Thursday, February 16, 2012

A good deal for ratepayers and for offshore wind

NStar's agreement to purchase a significant percentage of the electricity that will be generated by the proposed Cape Wind offshore wind farm is great news for those committed to building a sustainable society powered clean energy.

Congratulations to all who worked hard to make this happen. (GW)


Cape Wind deal part of merger agreement

The Patrick administration has reached a deal with NStar for the purchase of more than a quarter of the power expected to be generated by Cape Wind as part of an agreement to facilitate the merger between the company and Northeast Utilities.

Gov. Deval Patrick plans to announce agreement terms between the Department of Energy Resources (DOER) and NStar today. Details still require approval from the Department of Public Utilities for the merger to move forward.

As part of the deal, the new company will also agree to a cap on electricity rates for the next four years, and to share half of the savings projected as a result of the merger - or $21 million - with businesses and households in the form of rate credits for NStar electric and gas customers and Western Massachusetts Electric customers.

According to Secretary of Energy and Environmental Affairs Richard Sullivan Jr., the average household would see a one-time savings of $12 to $15 and any job reductions as a result of the merger would also be prohibited under the agreement from disproportionately impacting Massachusetts.

Sullivan said the conditional agreement with NStar and DOER, which also involved Attorney General Martha Coakley, would still be subject to a complete review by the Department of Public Utilities, and the companies will still have to justify the merger's savings and existing rates.

“They need to make sure the current rates and rate freezes moving forward are appropriate and in the best interest of the ratepayers,” Sullivan told reporters on conference call. As part of the deal, the DPU will not issue its decision on the merger until at least two days after Connecticut regulators issues their own ruling, Sullivan said.

The company, which would be known as Northeast Utilities moving forward, has agreed to purchase 27.5 percent of Cape Wind's energy, giving the offshore wind project a major victory and ensuring that more than three-quarters of the power form the project now has a buyer.

With National Grid previously agreeing to purchase 50 percent of Cape Wind energy, the deal could provide enough financing for the project to begin construction while buyers are sought for the remaining power.

If for whatever reason Cape Wind does not go forward, Northeast Utilities has agreed to purchase a comparable amount of renewable energy from another project in Massachusetts.

Sullivan said he would not comment on what the agreement means for the future of Cape Wind or where the project could sell its remaining power, but called the deal consistent with the state's energy goals. “I do think this agreement clearly shows the commitment this administration has had for the Cape Wind project specifically and the clean energy agenda in Massachusetts in general,” Sullivan said.

The merger between Northeast and NStar was proposed in October 2010, but has stalled as regulators have raised questions about consumer rate protections and service. Headquartered in Hartford, Northeast serves roughly 2.1 million customers in Connecticut, New Hampshire and Massachusetts, while NStar, based in Boston, has 1.4 million customers in Massachusetts.
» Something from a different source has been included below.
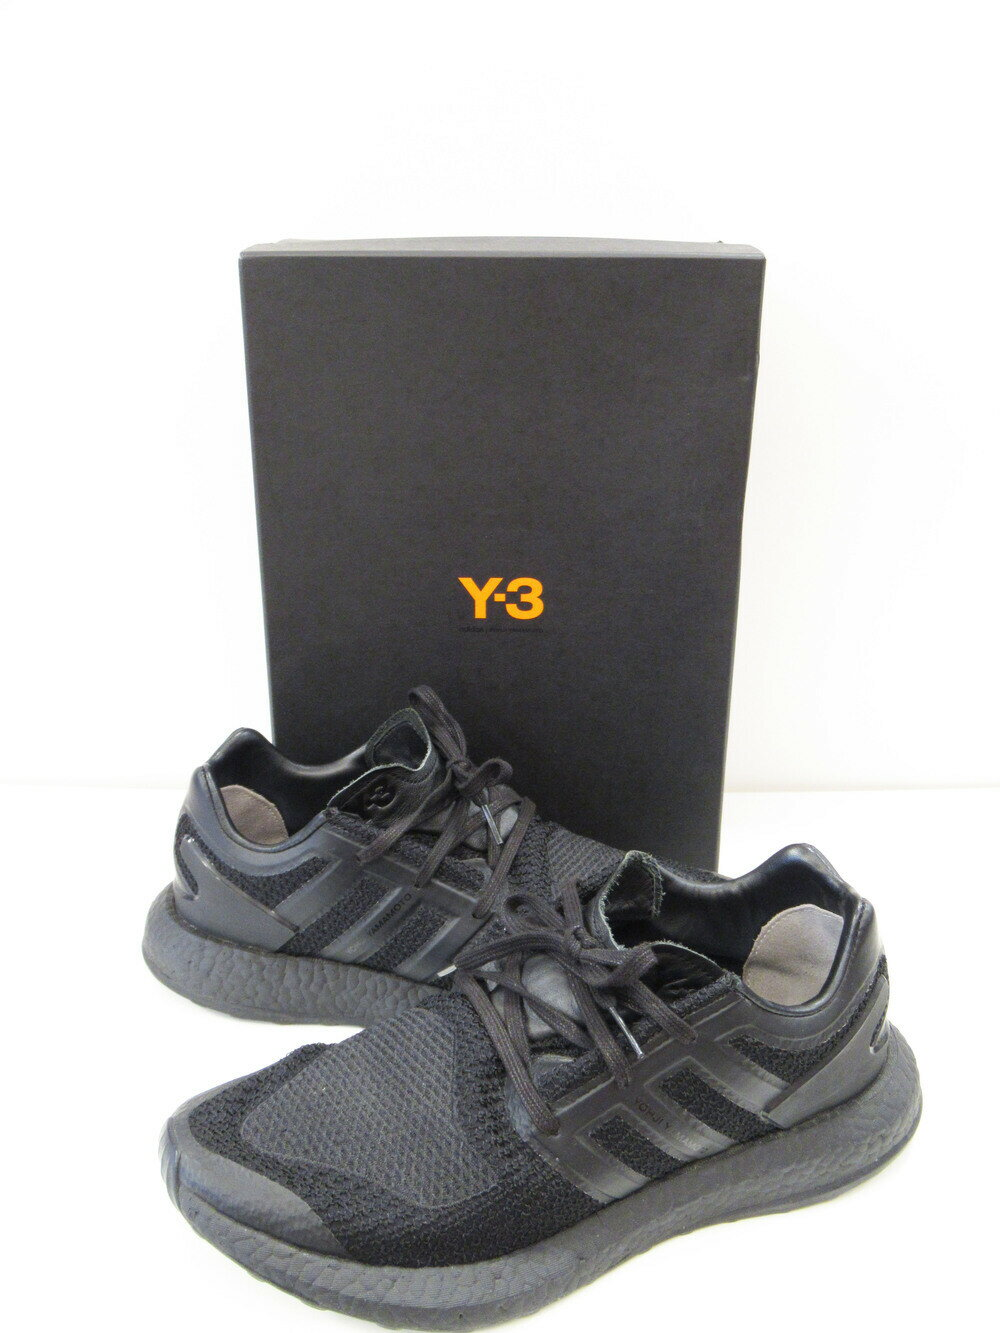 メンズ靴, スニーカー Y-3 PUREBOOST 28cm CP9890 (SH-389)
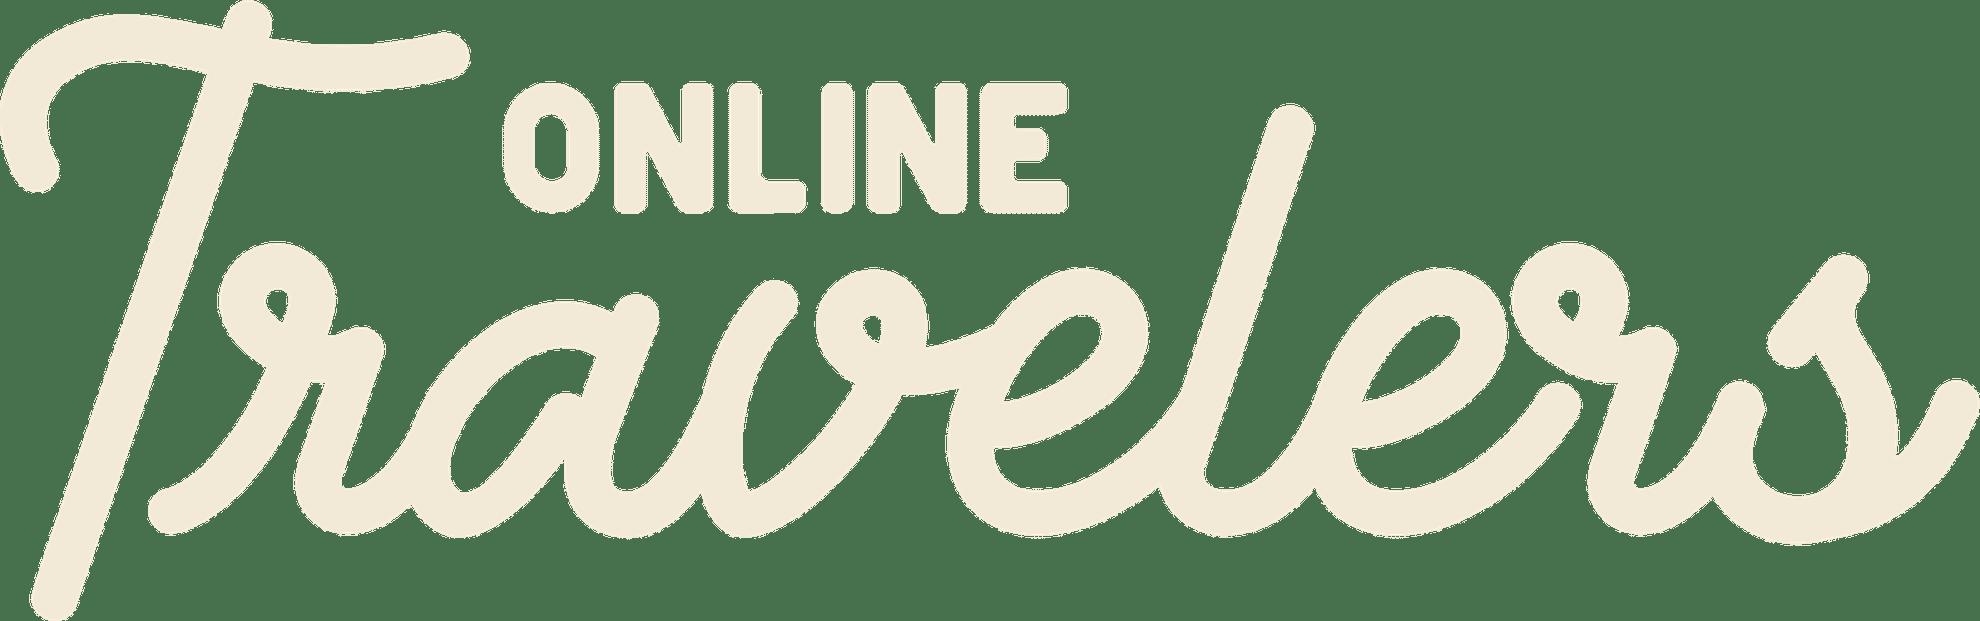 Logo OnlineTravelers Tekst in de kleur crème

Under the agreement, the new company has committed to retain the current level of service, which Sullivan said held particular importance in western Massachusetts with Western Massachusetts Electric being part of the deal as a subsidiary of Northeast Utilities.

The joint company, based on its initial merger plans, would operate six electric and gas utilities in three states, with nearly 4,500 miles of electric transmission lines, 72,000 miles of electric distribution lines and 6,000 miles of gas distribution lines.

Northeast president and CEO Charles Shivery will become chair of Northeast Utilities and Thomas May, president and CEO of NStar, will become president and CEO of Northeast Utilities under the proposed merger.

Coakley in November called for a five-year freeze on rates as a condition of the merger to ensure that increased profits are not being used only to pay shareholders.

In the wake of recent storms last year that generated widespread criticism for poor response times to outages, Senate President Therese Murray this week faulted the power companies for scaling back to the point where they don't have enough line crews to adequately respond to widespread outages.

Though utilities often rely on crews from out of state for mutual assistance, when storms like Tropical Storm Irene hit the Northeast it can take time to bring crews from other regions.
"Perhaps they should have the manpower. Northeast Utilities that wants to merge with NStar had a horrific response in Connecticut, and if they're going to merge we need some oversight," said Murray, discussing a bill the Senate plans to take up on Thursday addressing communication with customers and an assessment to help cover the cost of state oversight investigations.
"Beef it up because you can't tell me they're not making a profit," Murray added.

The agreement between DOER and the utilities does not directly address storm preparedness or response times, though there are measures to increase transparency of operations and give DPU a greater oversight role.

Sullivan said for the first time ever the joined utility would agree to provide audited financials of the company's operations, costs and revenues at their own expense when they come before the DPU in 2016 for their next rate case after the four-year freeze expires.

“This does not absolve the company or any affiliate for responsibility from hearings going on in response to Irene or any other storm,” Sullivan said.